Directions for this task: For the records below, output word for word the lines from the one with "魔人社2021羊駝面具頭套製作 Alpaca mask" up to and including the one with "Zebana Apple Iphone". No pictures.

Records for this task:
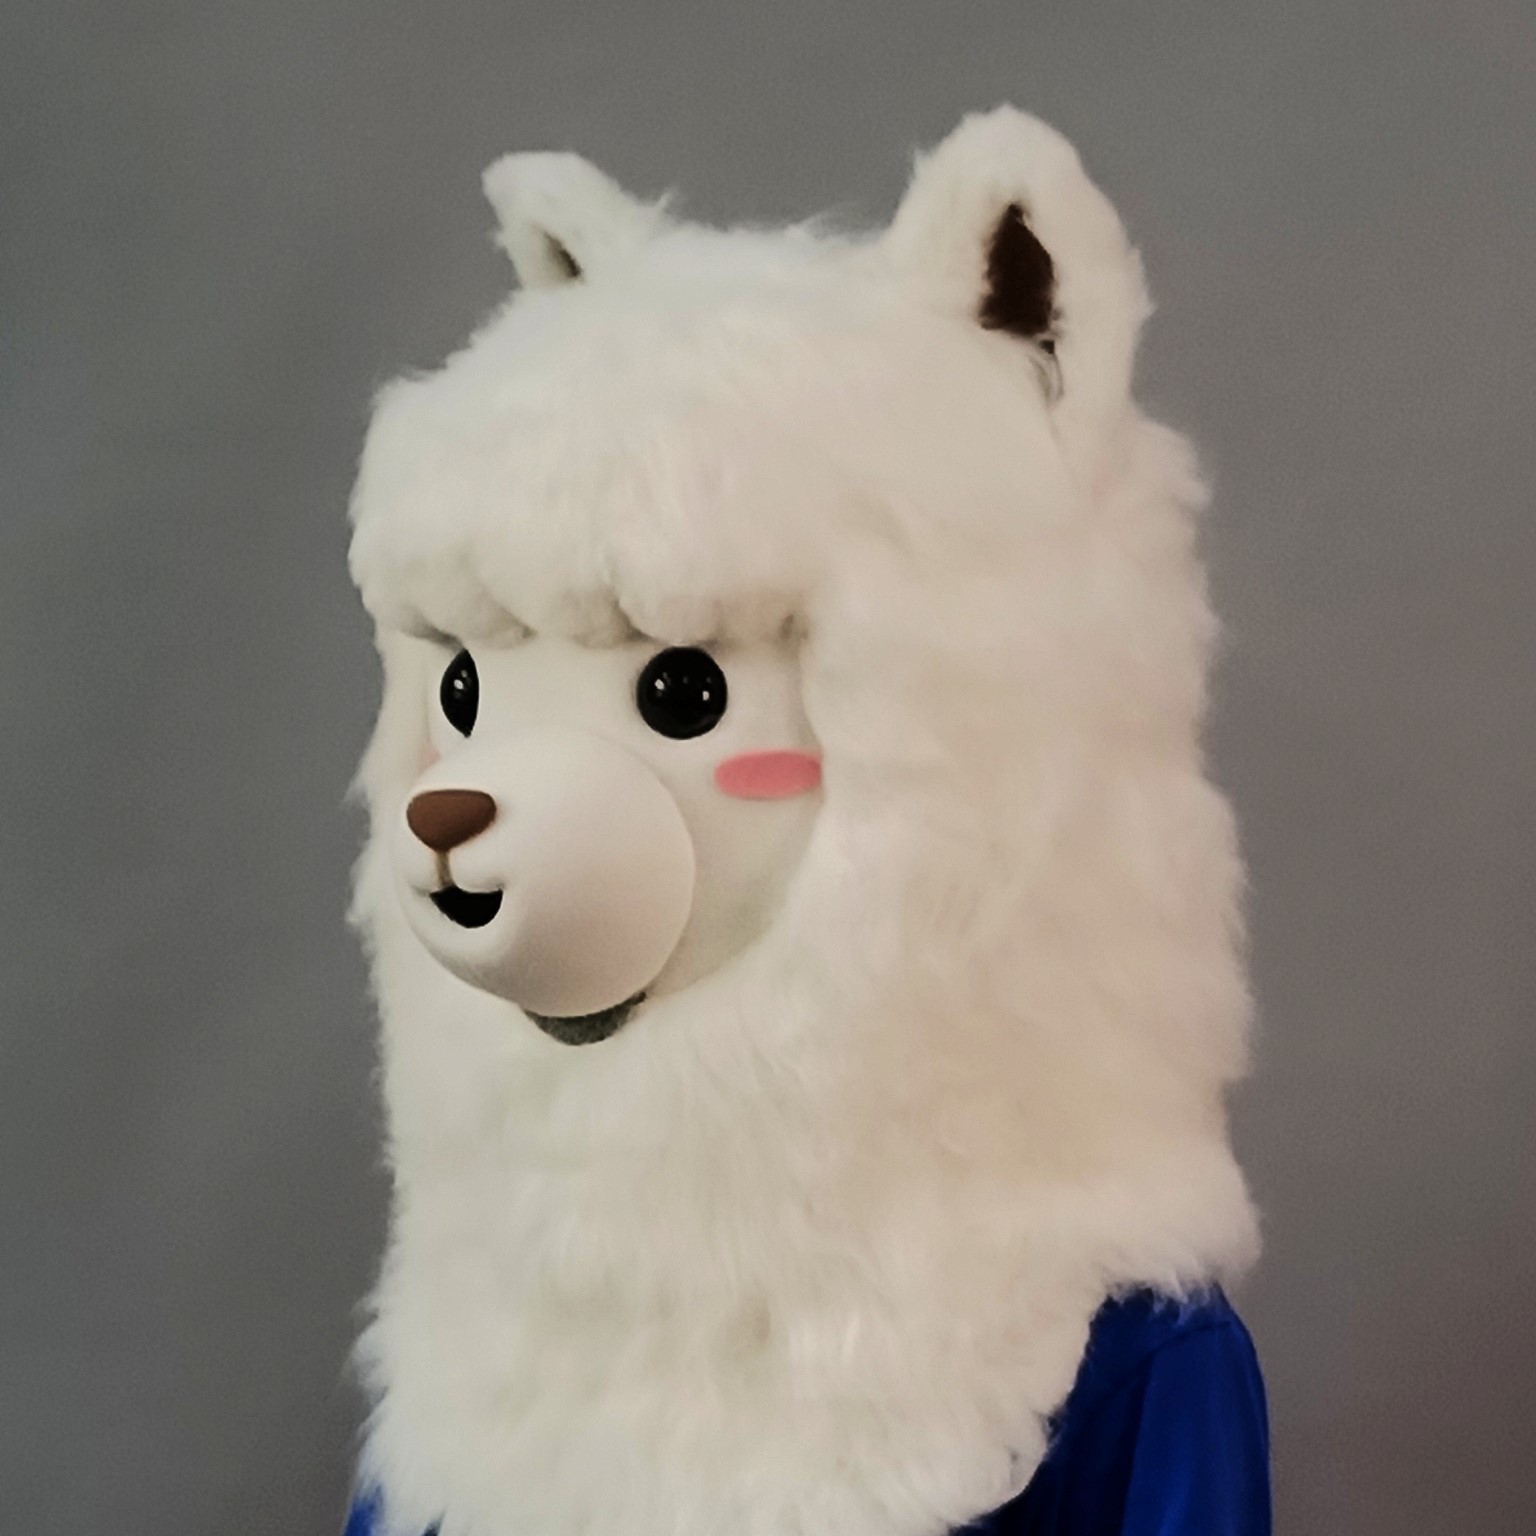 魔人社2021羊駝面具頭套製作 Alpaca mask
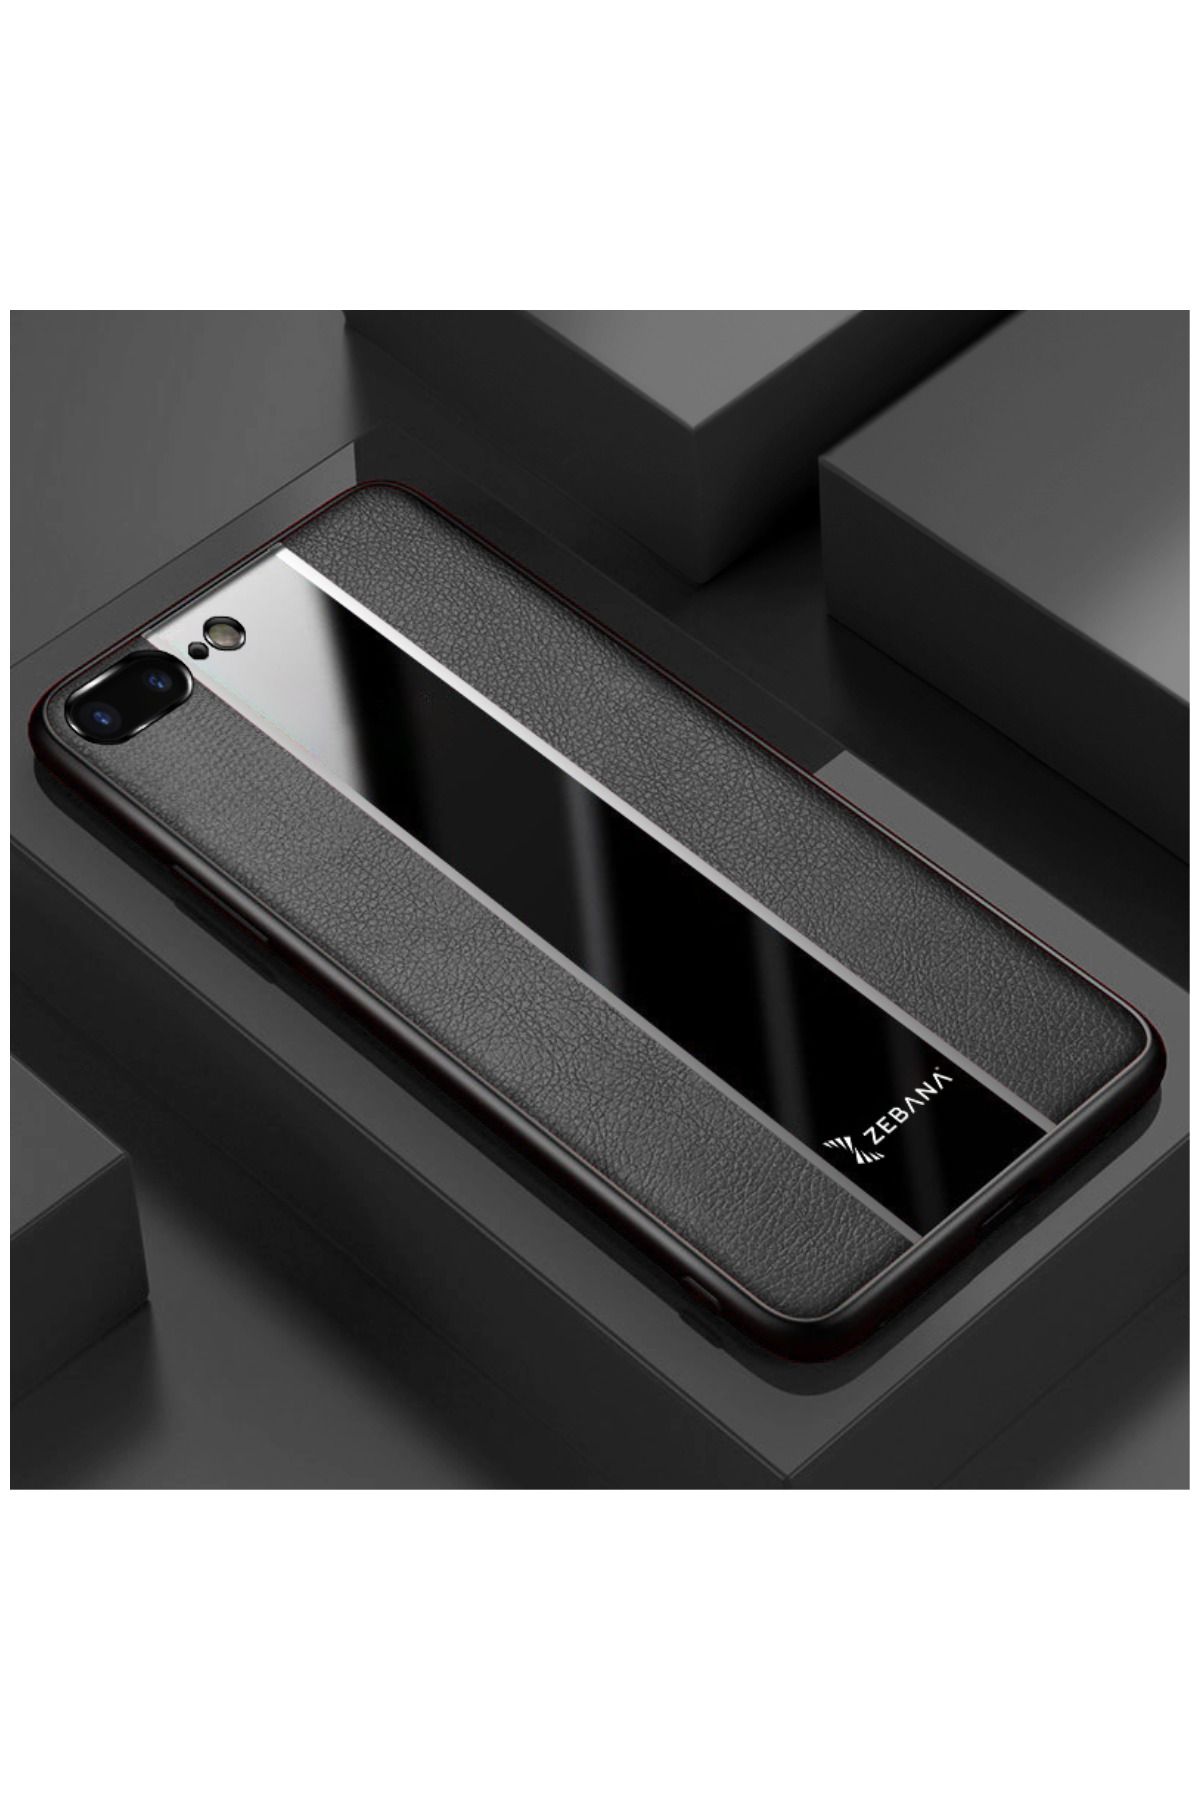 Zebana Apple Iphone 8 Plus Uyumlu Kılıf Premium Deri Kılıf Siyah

--

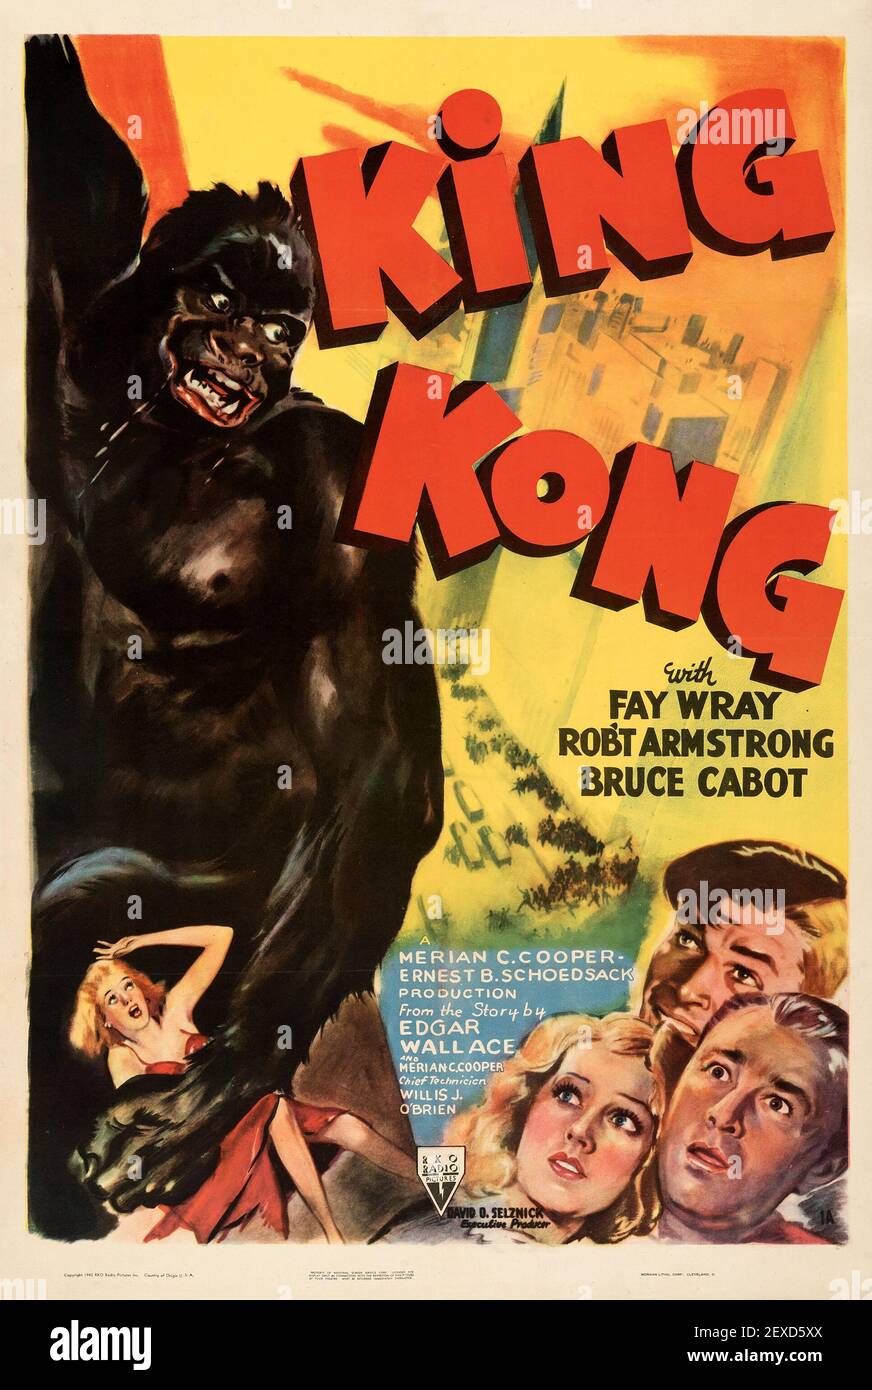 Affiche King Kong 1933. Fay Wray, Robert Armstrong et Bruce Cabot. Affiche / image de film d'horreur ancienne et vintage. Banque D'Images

* * *

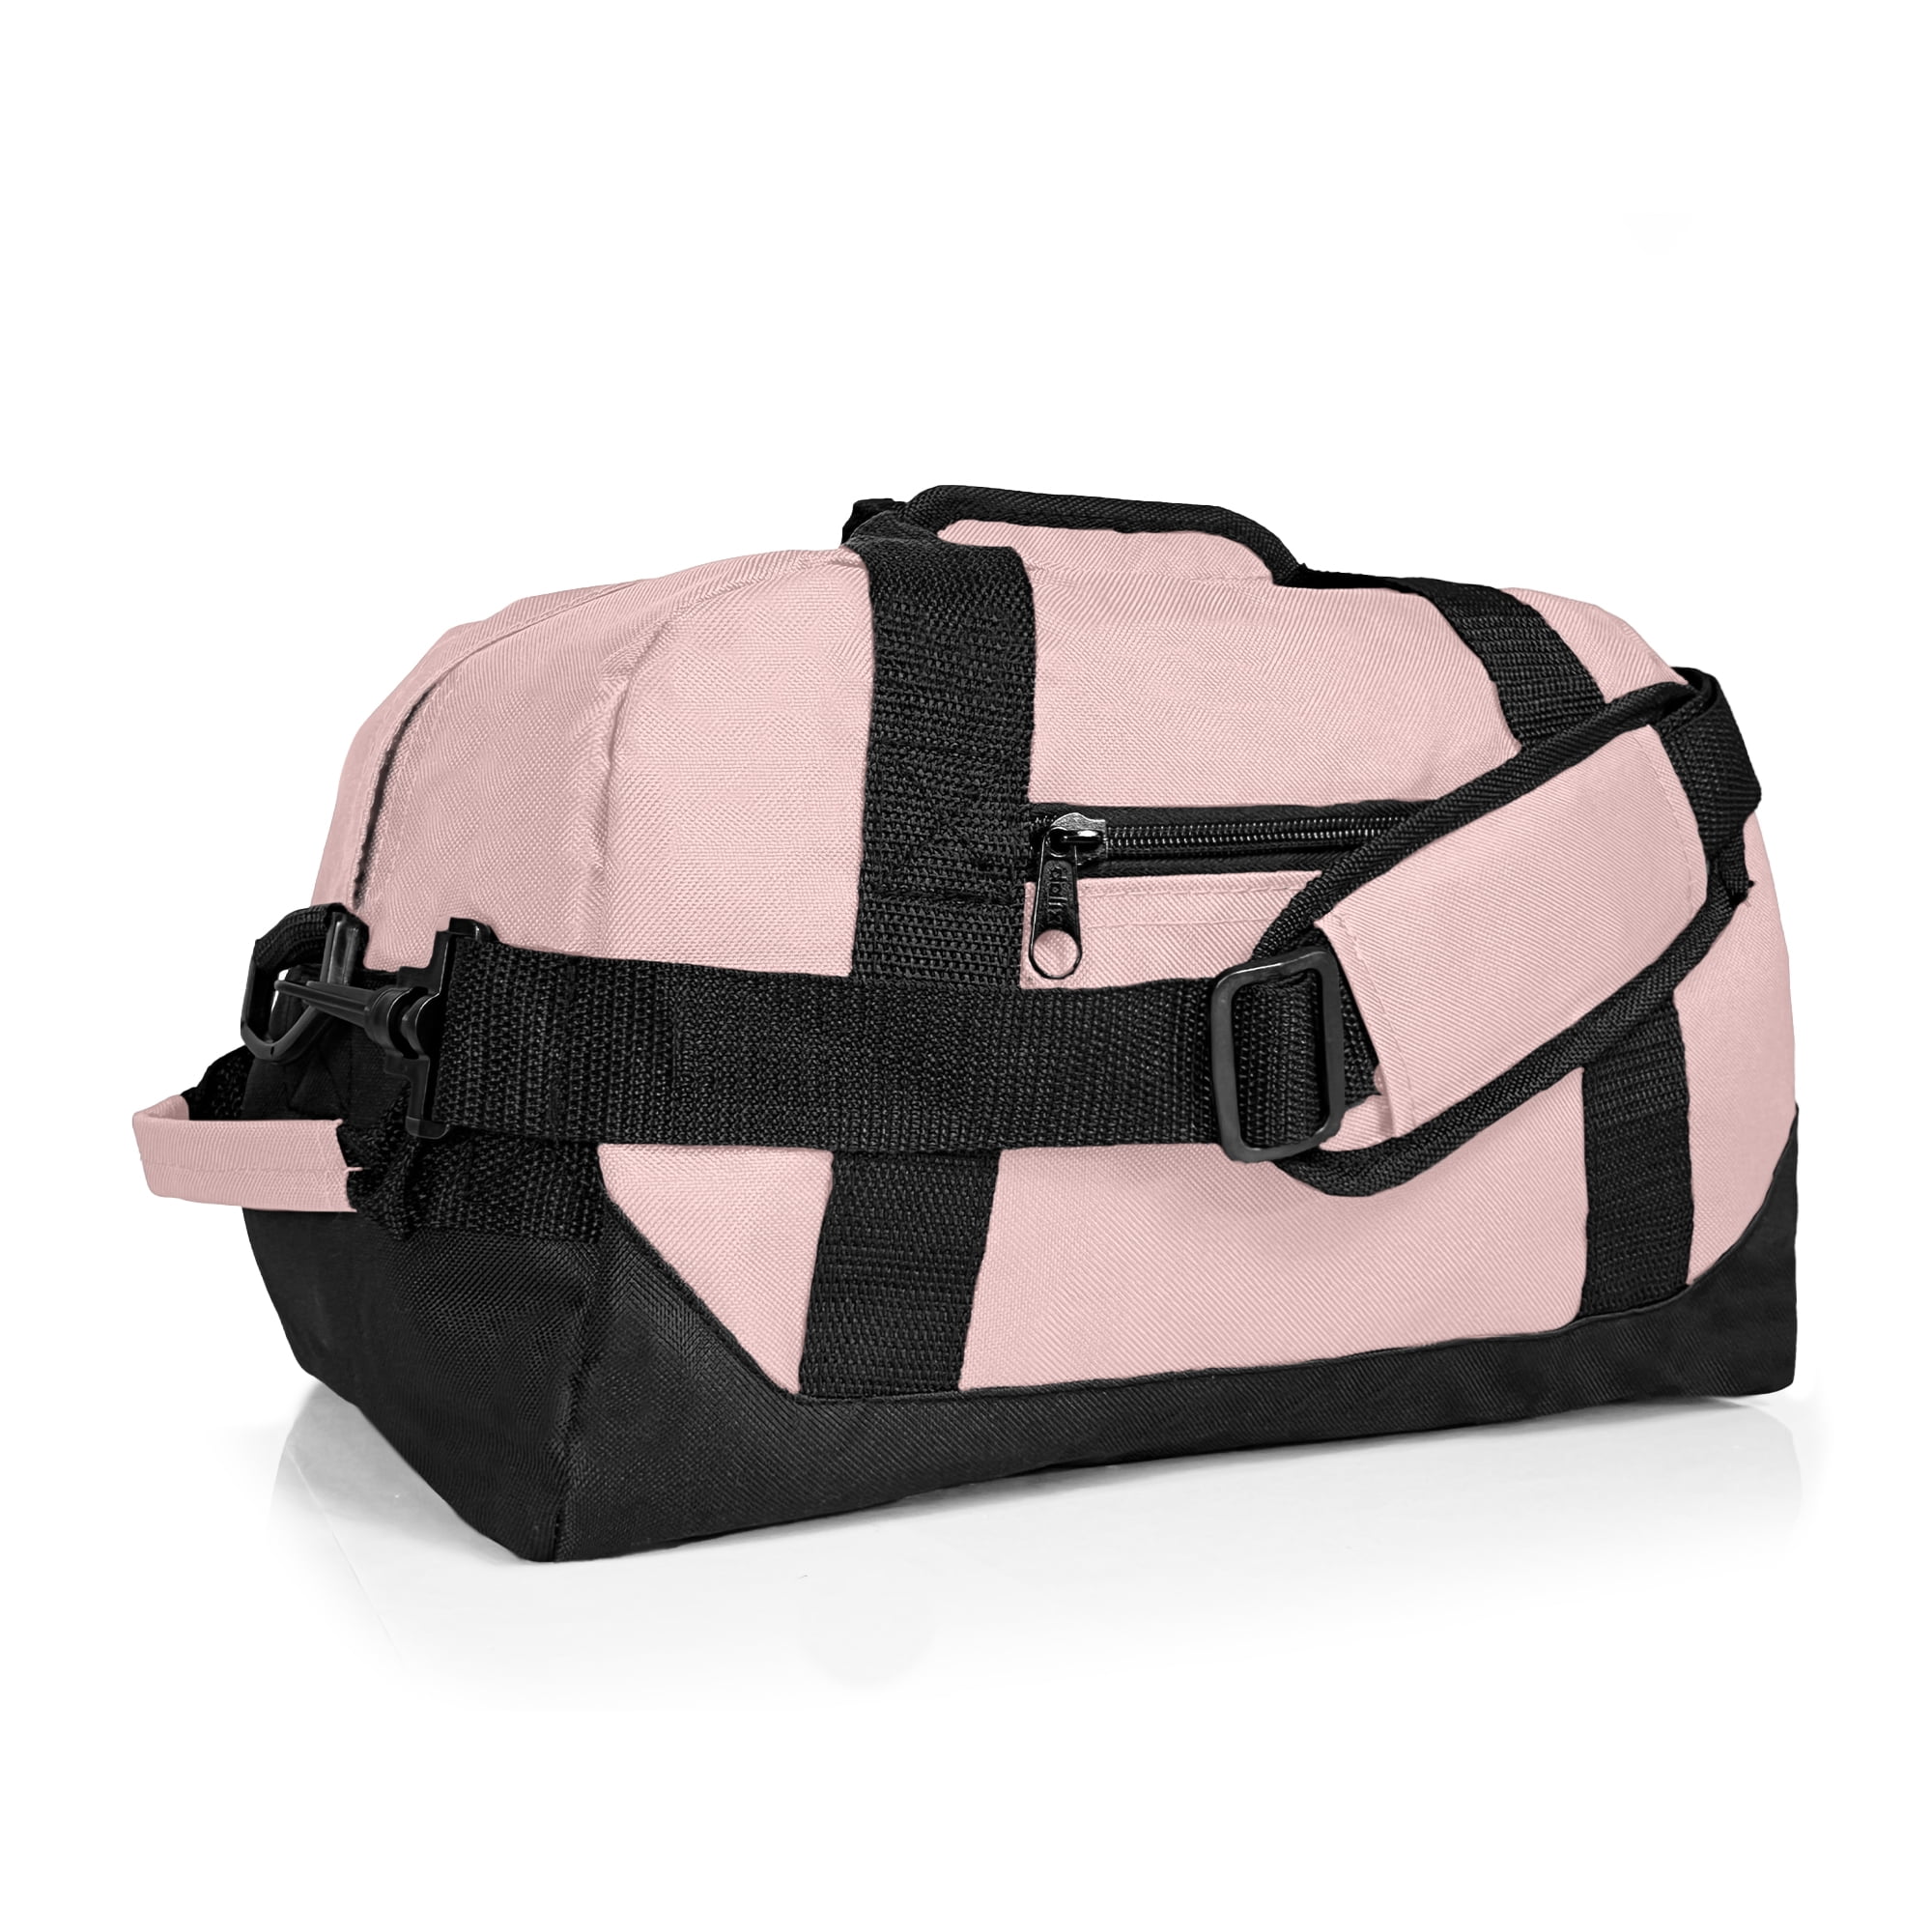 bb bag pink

Your response:
 魔人社2021羊駝面具頭套製作 Alpaca mask
 Zebana Apple Iphone 8 Plus Uyumlu Kılıf Premium Deri Kılıf Siyah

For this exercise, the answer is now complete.